С минуту оба сидели молча. Принц пытался продумать, как выбраться с супругом из колодца.

Первым заговорил Хуа Чэн.

— Какое сегодня число? — спросил он, не отворачиваясь и вынимая из кармана часы. Он потряс их у уха, улыбка его становилась шире.

Се Лянь решил, что, ответив на все вопросы Сань Лана, будет освобождён, и подумал, что скажет последнюю дату, которую помнит, хотя — кто знает, сколько дней он падал в этот чудный колодец?

— Двадцать седьмое. [1]

— Отстают на три дня. [2] Какая жалость. — вздохнул Хуа Чэн. — Нельзя их смазывать сливочным маслом. Туда, верно, попали крошки. Не надо было мазать хлебным ножом.

Всё это он говорил медленно, растягивая слова, и Се Лянь вдруг сглотнул, представив, как Сань Лан смазывает маслом каждую шестерёнку, проводит ножом по механизму изнутри.

Хуа Чэн усмехнулся, аккуратно положил часы на ткань платья Се Ляня, посередине ног, и посмотрел вниз.

— Масло было самое свежее, но, похоже, часам уже ничто не поможет, — он вновь взглянул на принца, и от смущения тот опустил глаза на свои колени, с любопытством разглядывая циферблат.

— Они показывают число, а не час.

— А что тут такого? — пробормотал чуть тише Хуа Чэн. — Разве Ваши часы показывают год?

— Конечно, нет, — Се Ляню казалось, что у мужа не только пропала память, но и здравомыслие. — Год тянется слишком долго.

— Ну так и я не хочу ждать целый год, чтобы почувствовать, как часы трясутся в моих руках.

Се Лянь растерялся.
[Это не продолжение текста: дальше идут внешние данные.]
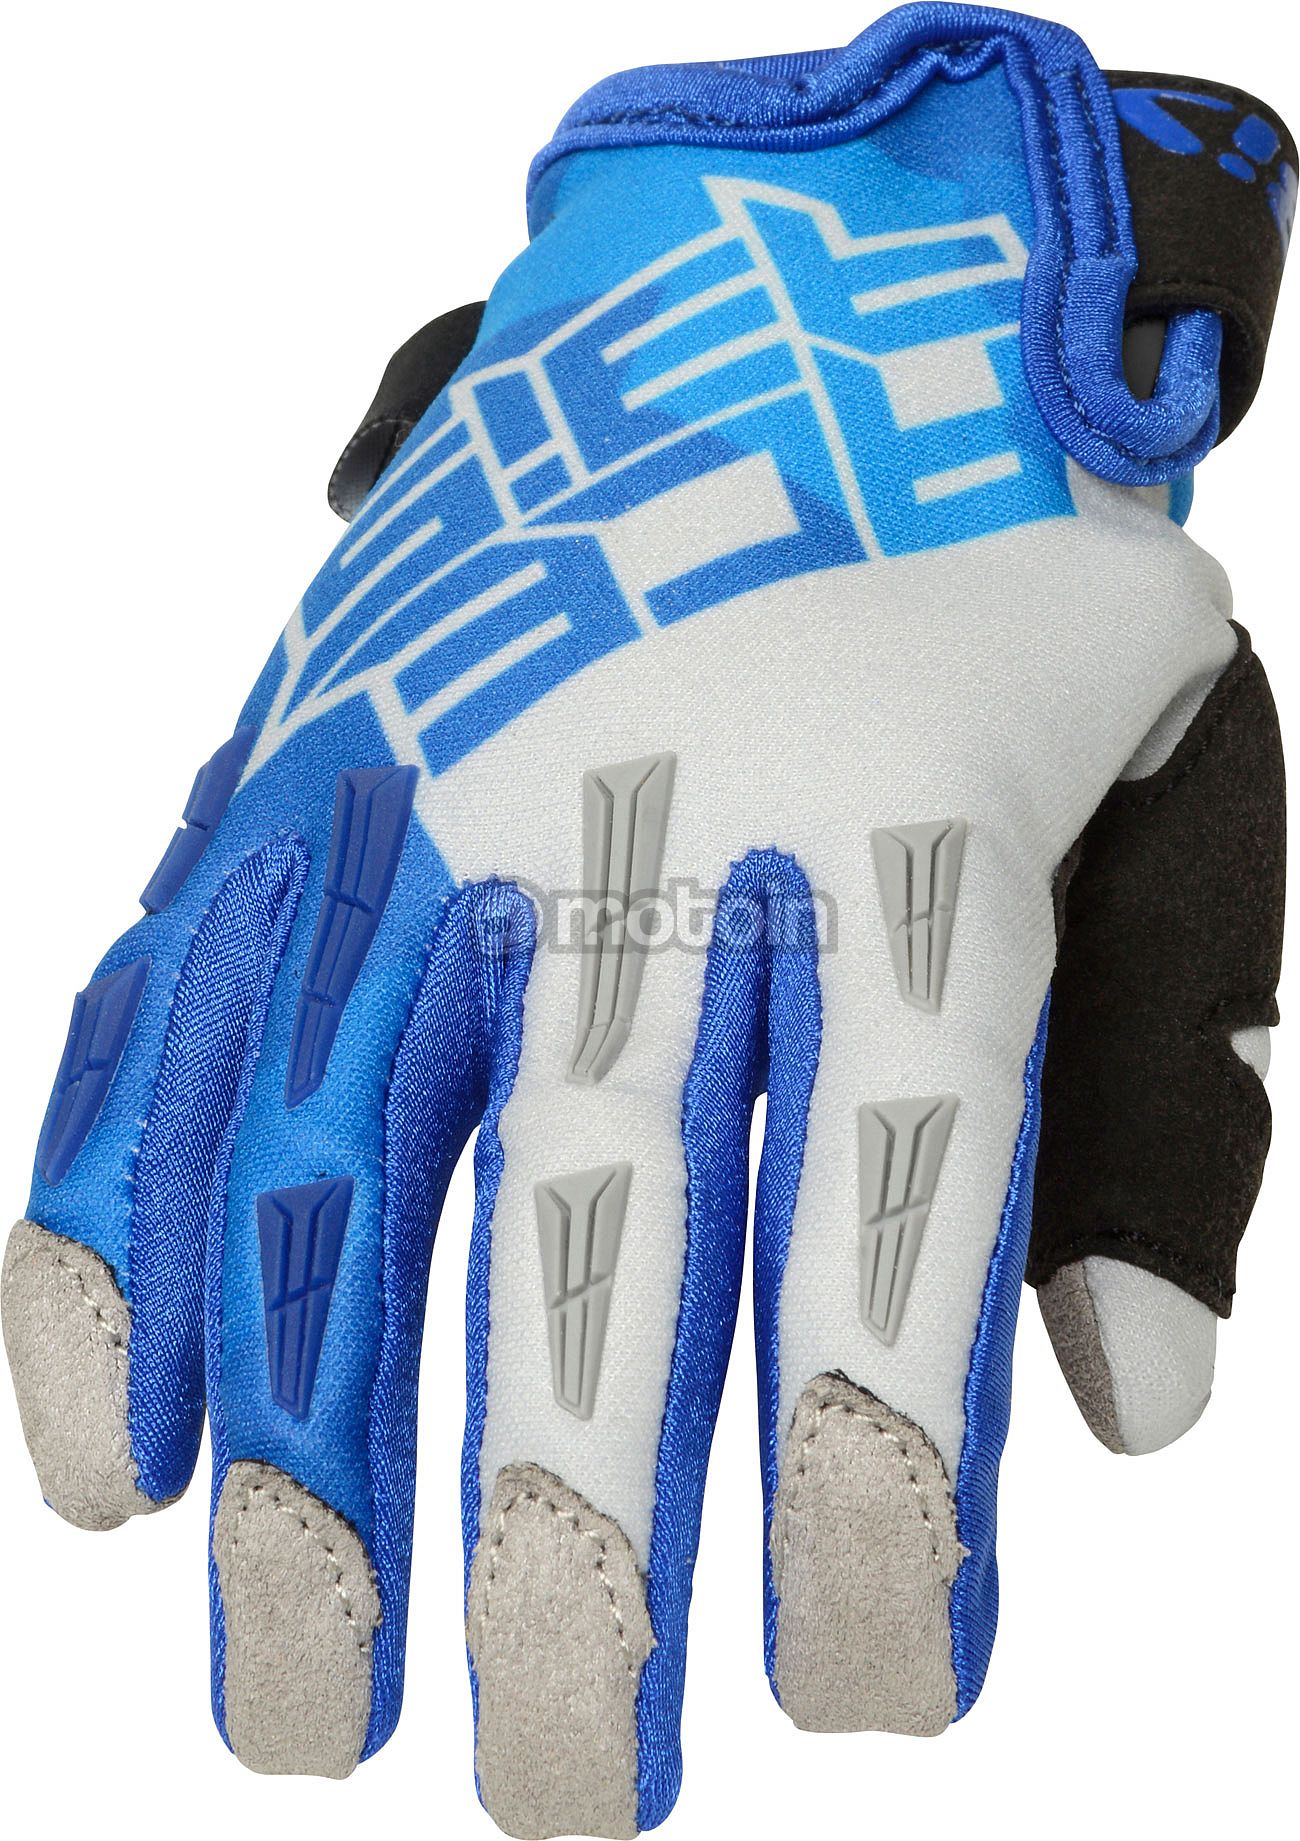 Acerbis MX X-K S23, Handschuhe Kinder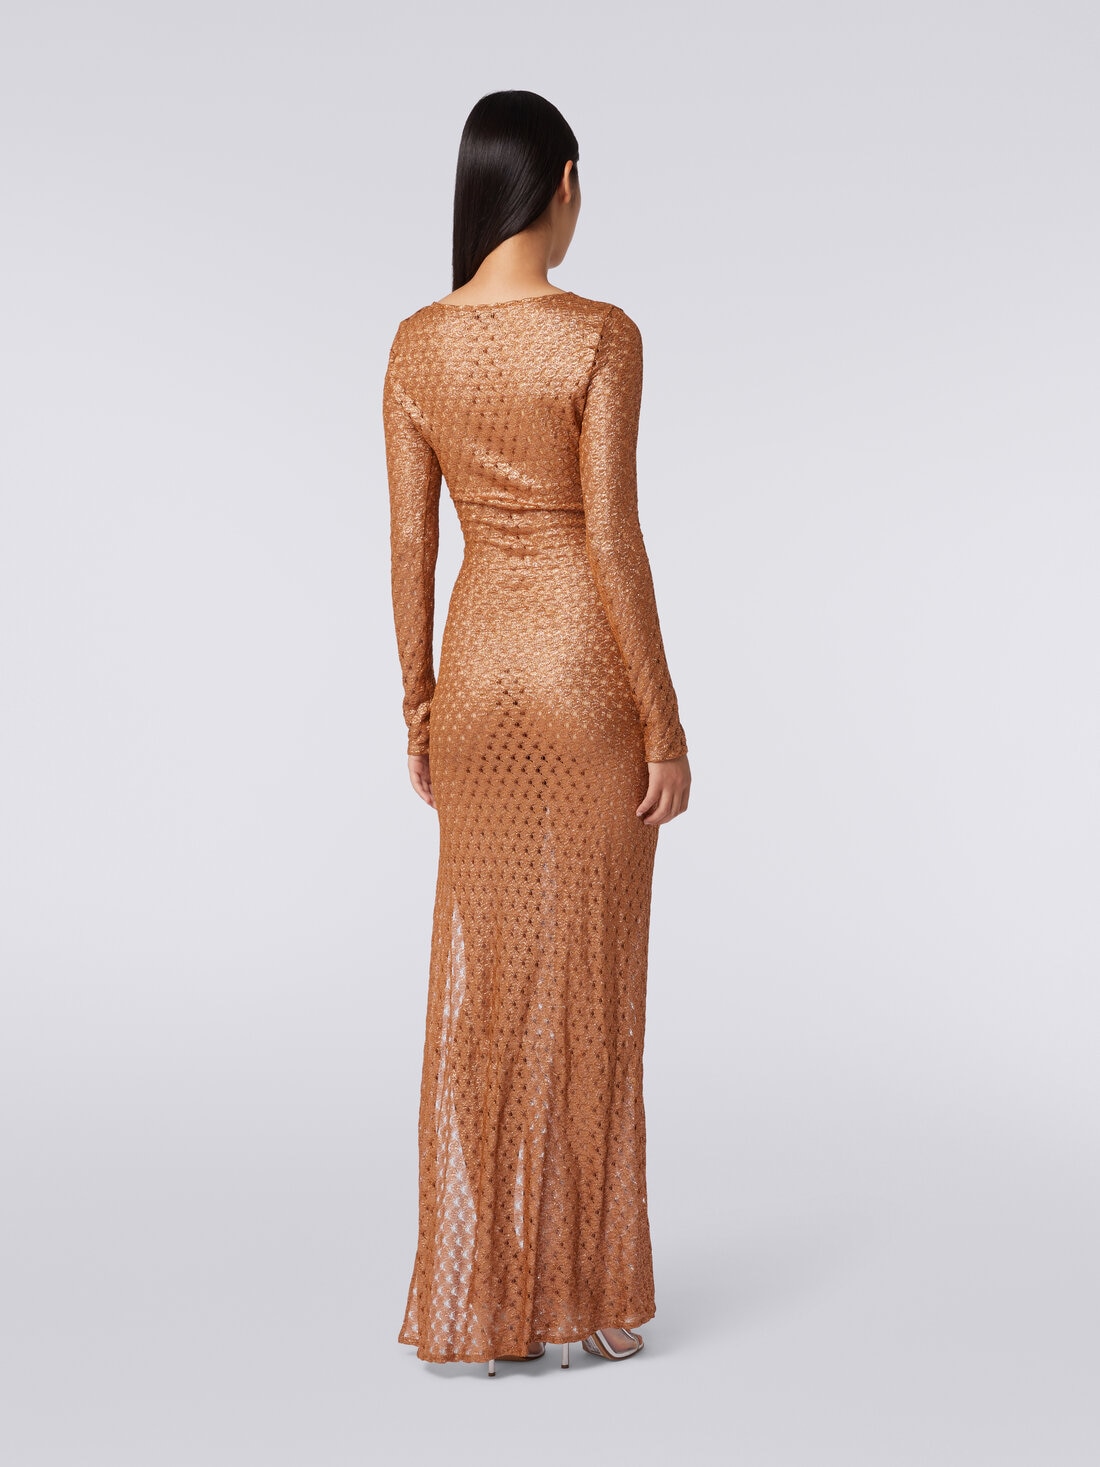 Langes Kleid in Spitzenoptik mit V-Ausschnitt und Applikationen, Braun - MS24SQ01BR00TC71052 - 3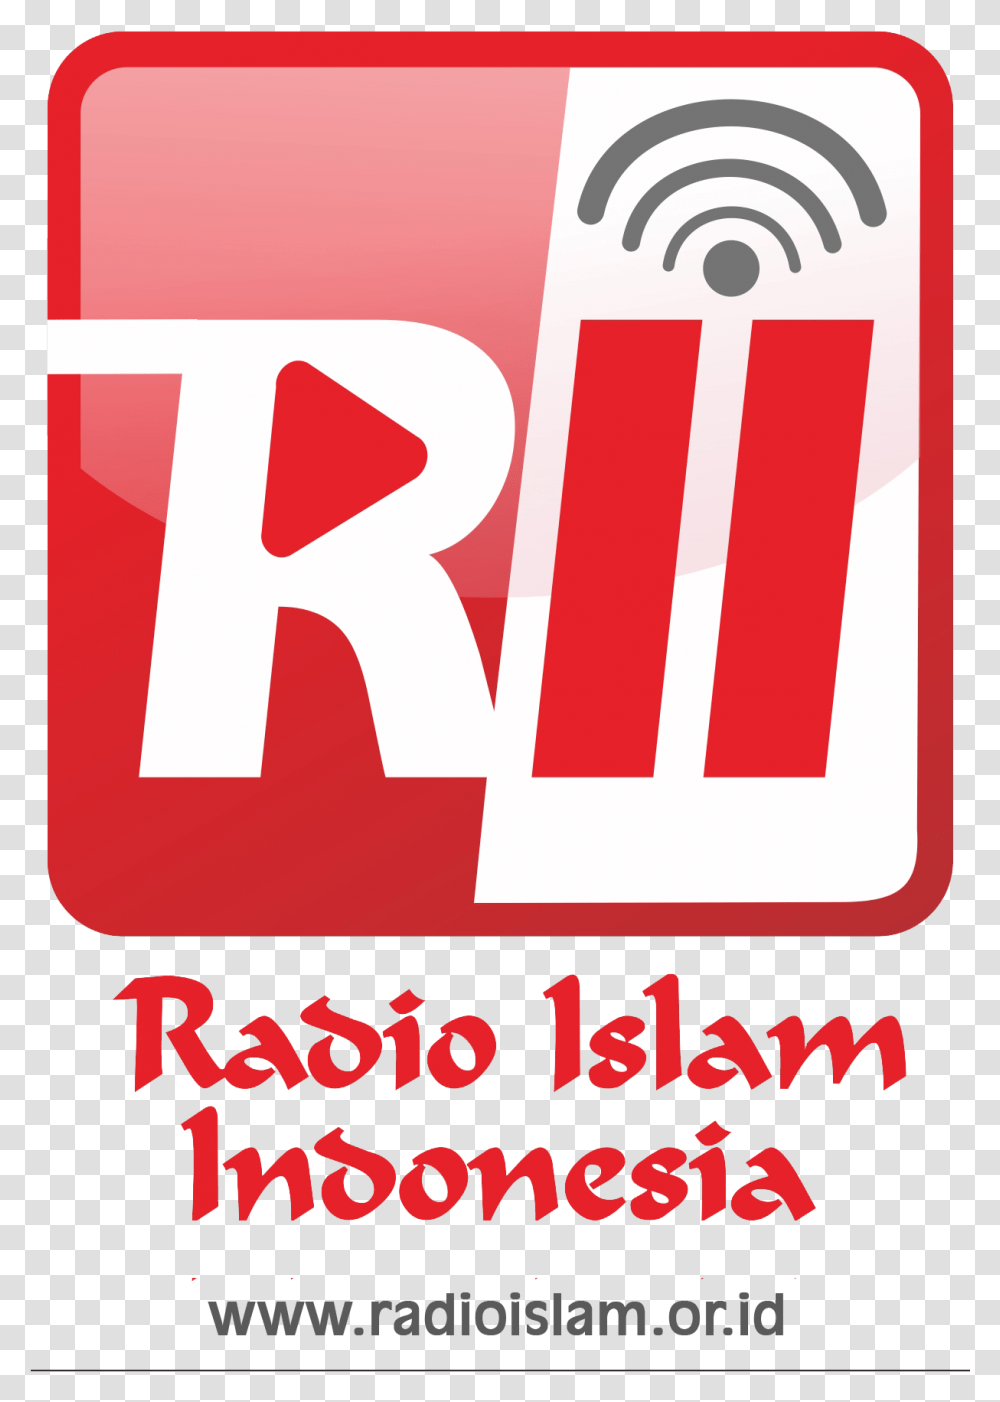 Radio Islam Indonesia, Number, Alphabet Transparent Png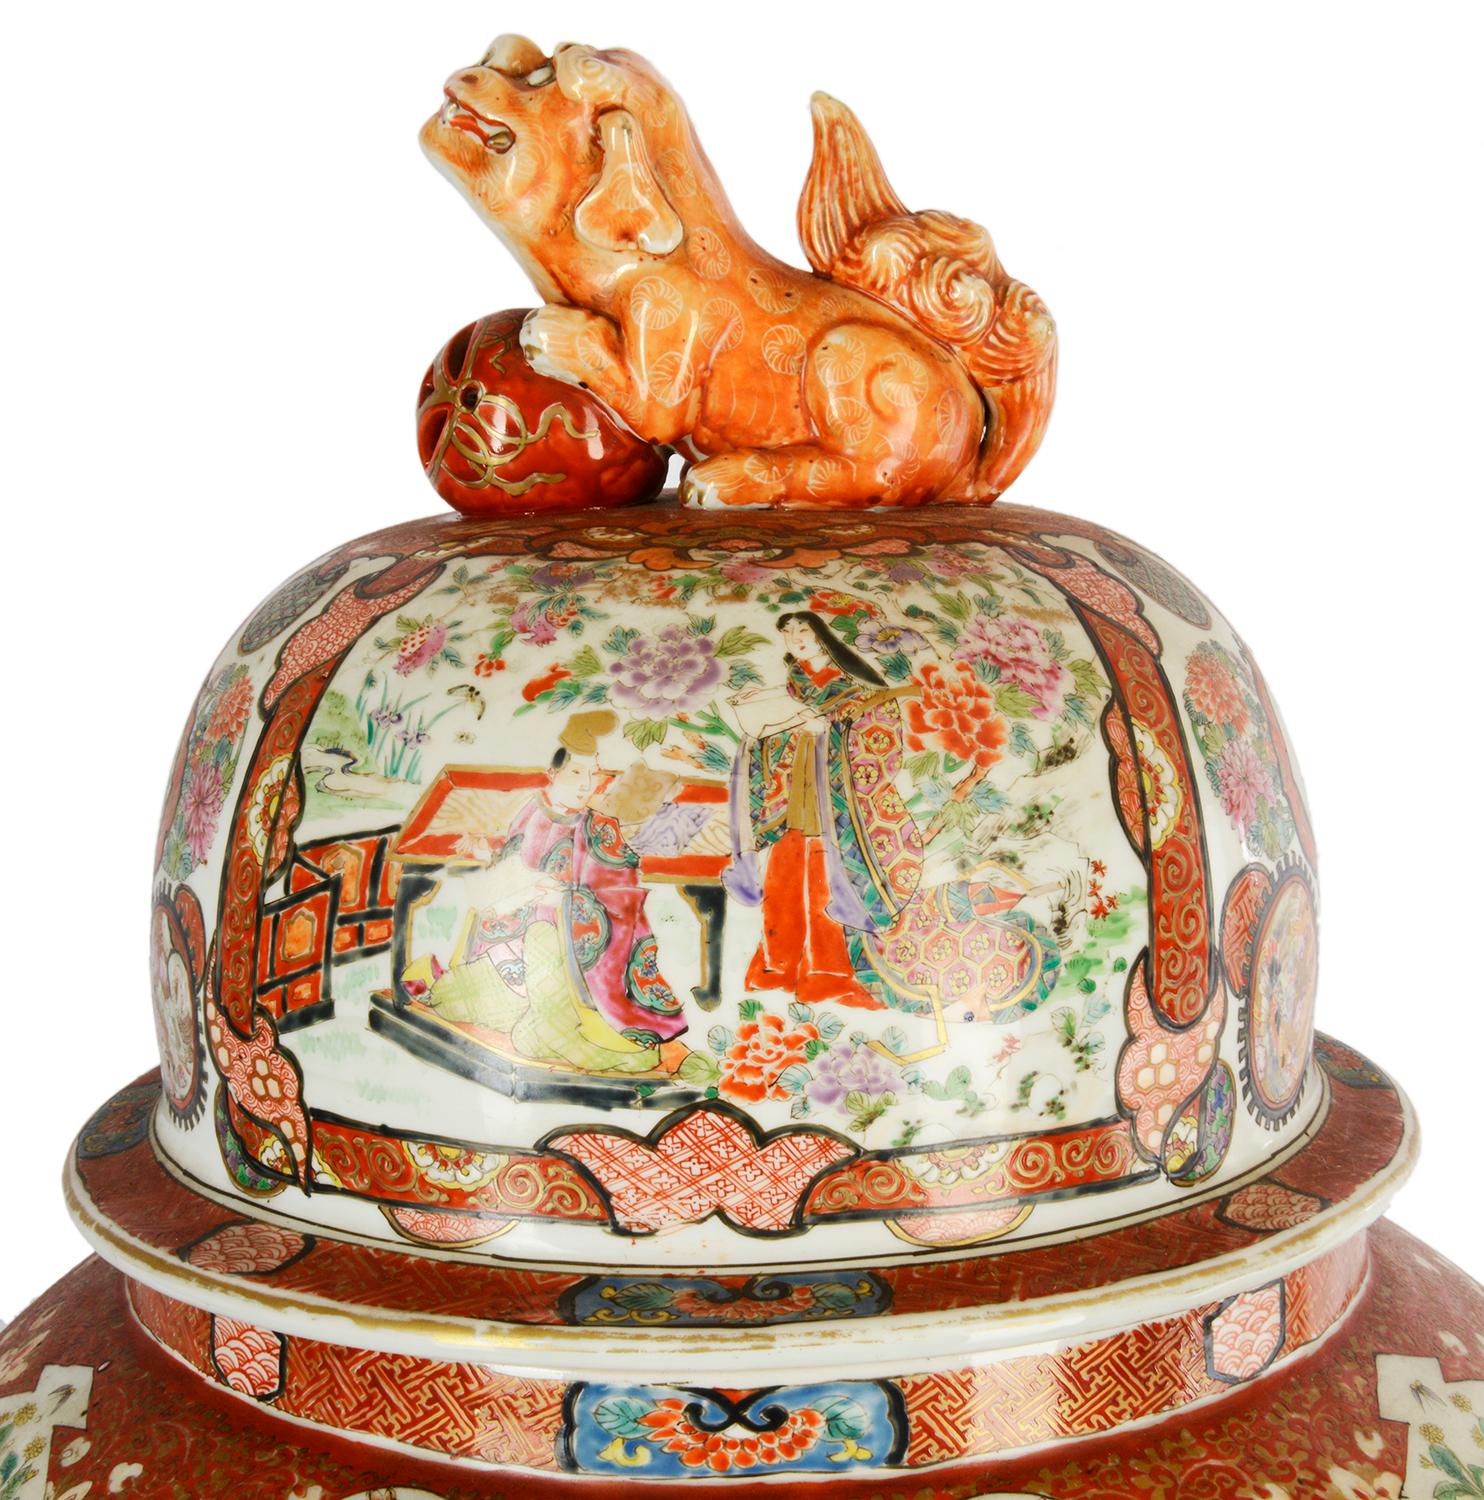 Un très impressionnant grand vase japonais à couvercle Kutani de la fin du 19e siècle. Ayant un chien de faux classique avec un fleuron en forme de boule, des scènes peintes de savants assis avec des parchemins, entourés d'assistants. Le fond orange

В словах Сань Лана как будто не было смысла, хоть каждое слово в отдельности и было понятно.

— Сань Лан, я тебя не понимаю, — сказал он учтиво.

— Хотите услышать звон часов? — Хуа Чэн подкрался пальцами к часам на юбке. Очертил круглый контур, поводил большим пальцем по стеклу — кожа перчаток не хотела скользить по поверхности, поэтому он нажимал с ещё большим усилием — и остановился в центре. — Скоро начнётся новый день.

Се Лянь сглотнул, почувствовав, как часы прижимаются к его телу. Он не отрывал взгляд от пальцев Хуа Чэна, которые чертили узоры на стекле, будто рисуя цифры, и не смел поднять взгляд, зная, чем будет одарен в ответ.

— Вы отгадали загадку? — спросил Хуа Чэн, перейдя на шёпот.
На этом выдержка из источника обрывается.